The response must be the exact lines from the one that contains "次贷危机之后,他为生活在底层的美国人写了一本书_文化_好奇心日报" through the end of the material, with no pictures and no additional lines.

→ **DATASET EXCERPT**:
▶
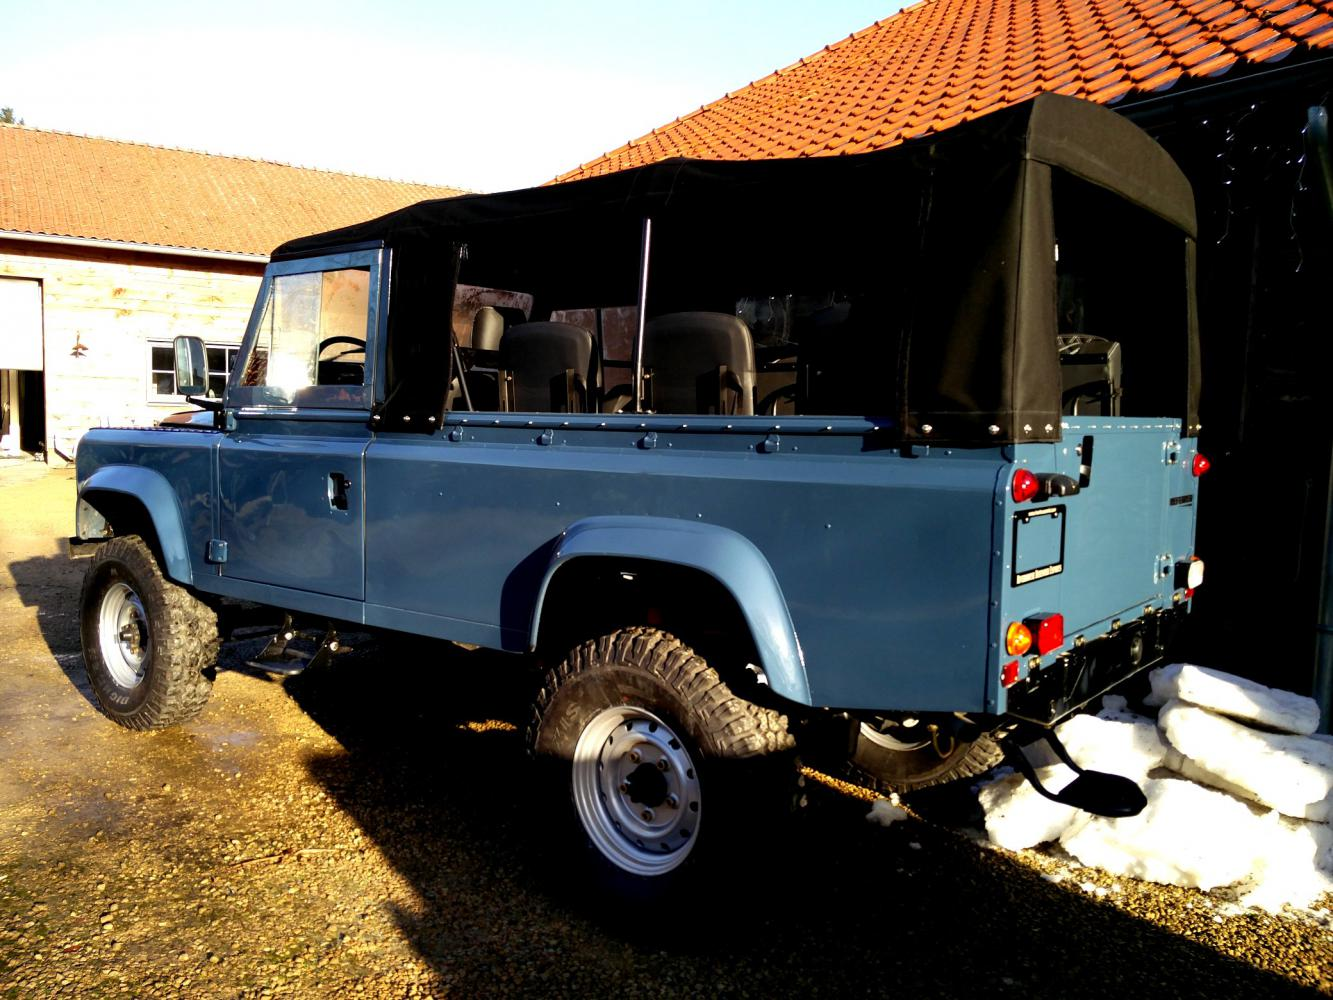 Click image for larger version  Name:1988 LR LHD Defender 110 Arles Blue day 40 left rear.jpg Views:35 Size:187.9 KB ID:359433
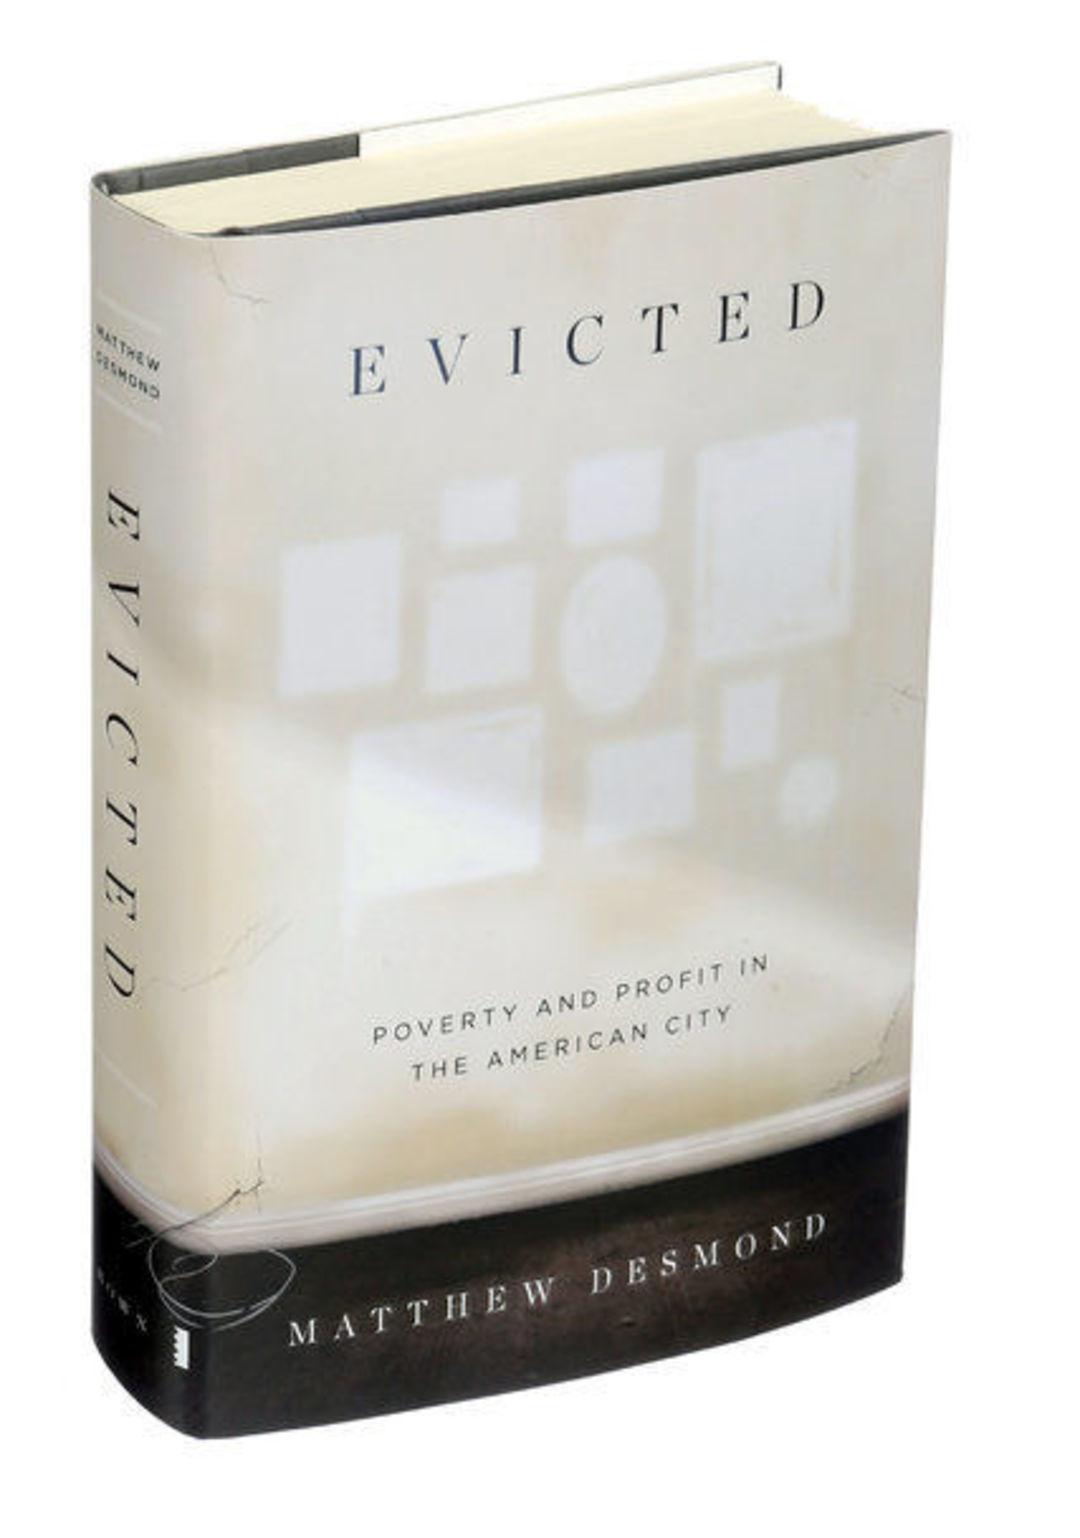 次贷危机之后,他为生活在底层的美国人写了一本书_文化_好奇心日报
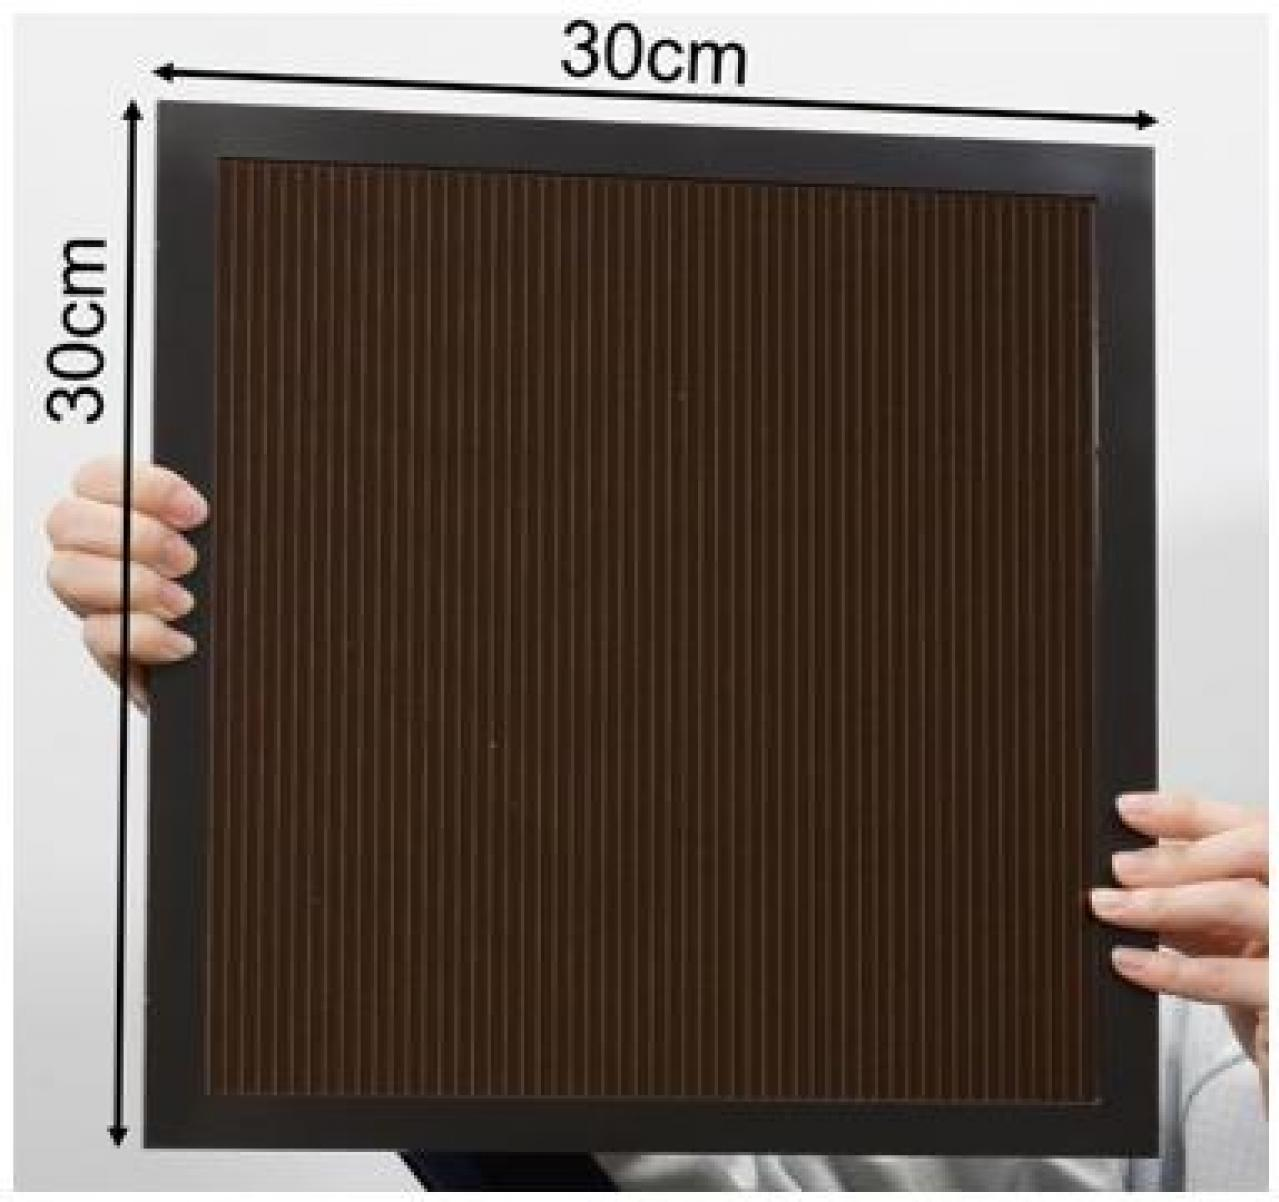 パナソニック:ペロブスカイト太陽電池大面積モジュールで世界最高変換効率16.09%を達成
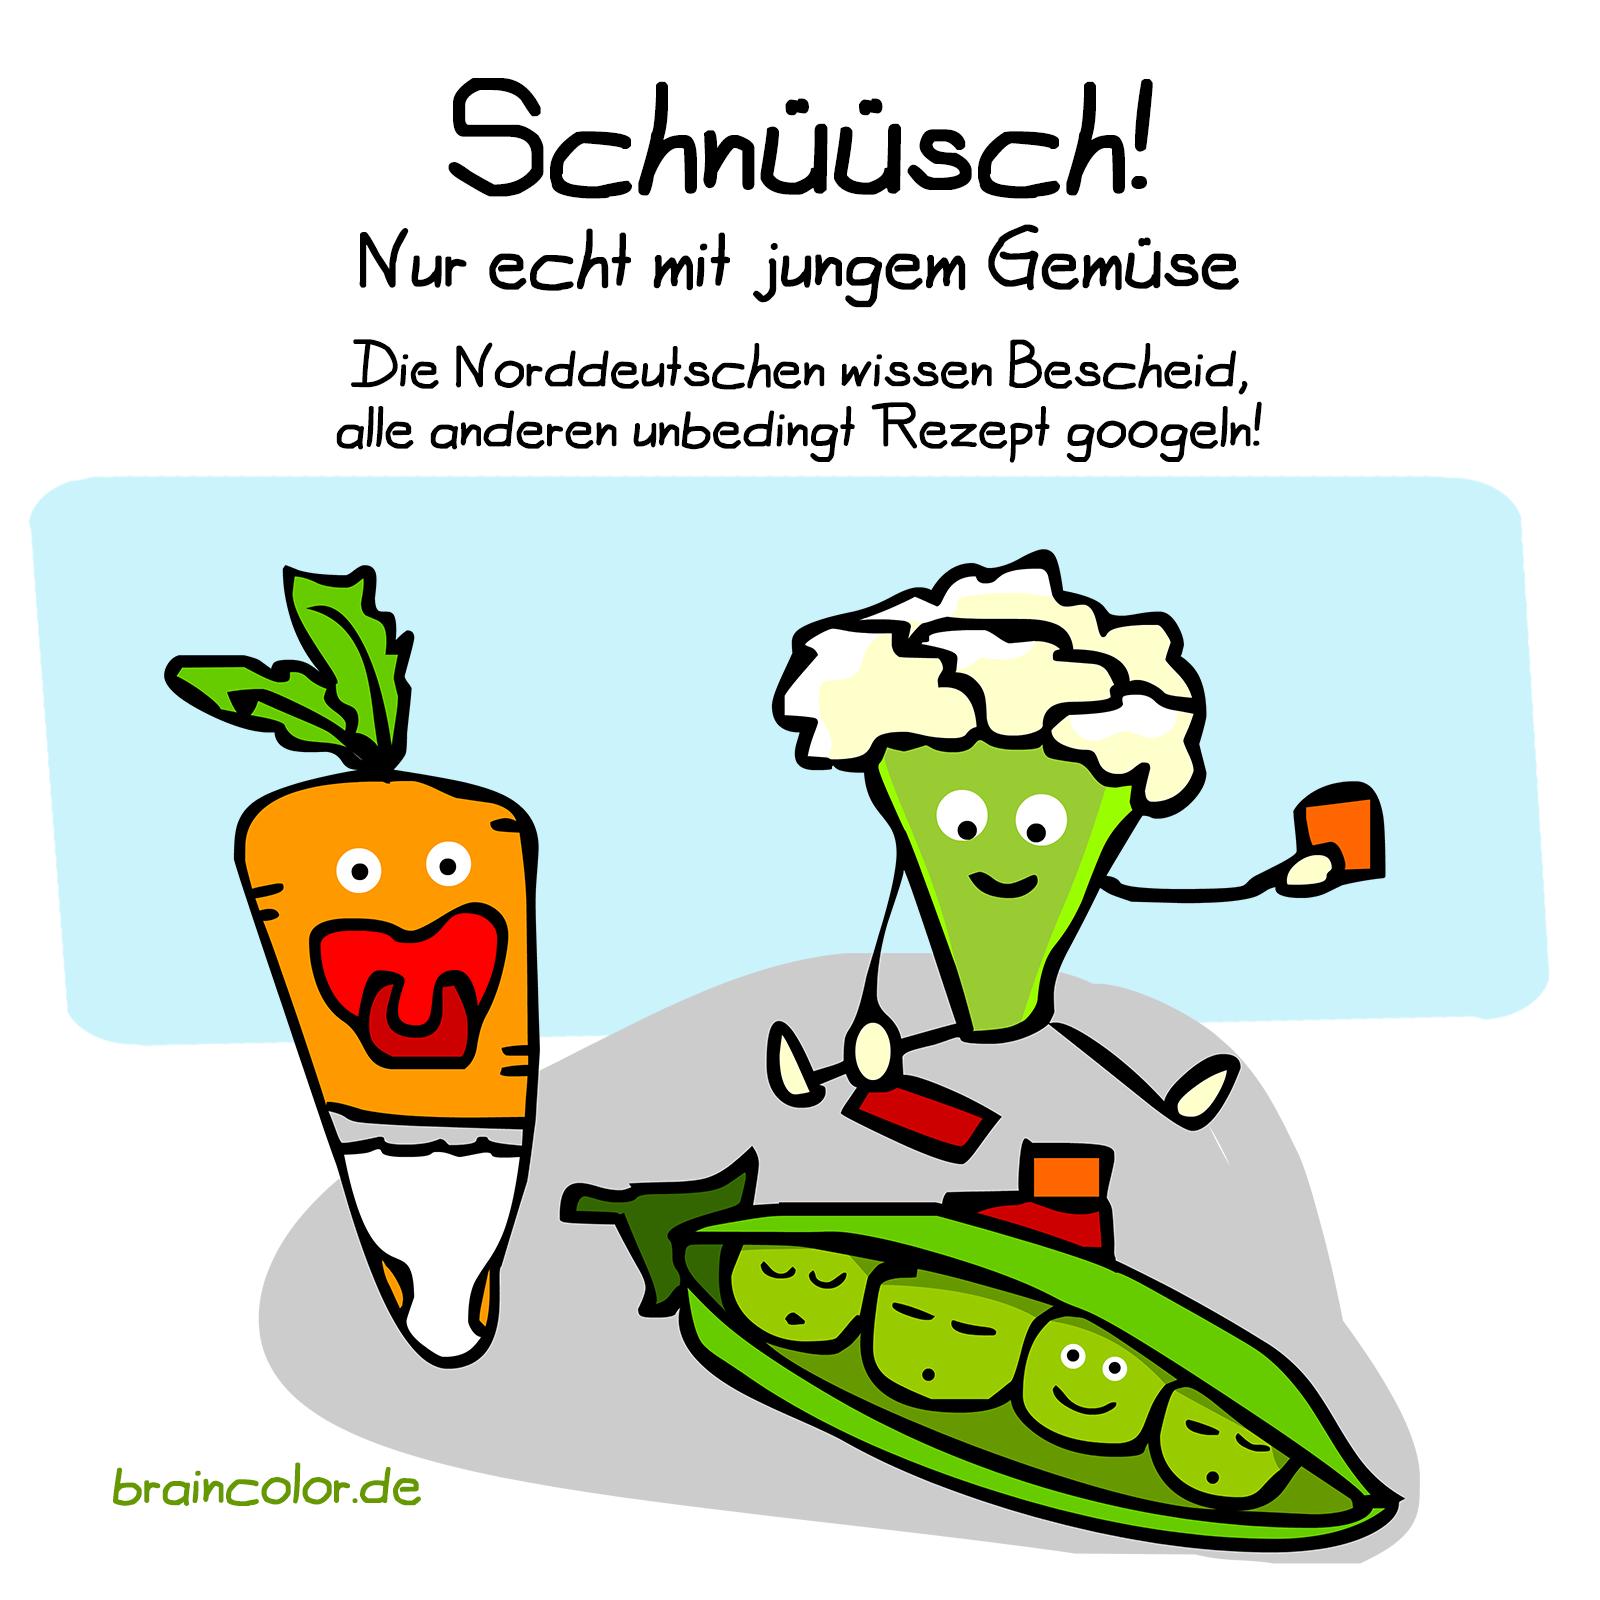 Junges Gemüse - Schnüsch
◀
→ **SOLUTION TO THIS PROBLEM**:
 次贷危机之后,他为生活在底层的美国人写了一本书_文化_好奇心日报
 パナソニック:ペロブスカイト太陽電池大面積モジュールで世界最高変換効率16.09%を達成
 Junges Gemüse - Schnüsch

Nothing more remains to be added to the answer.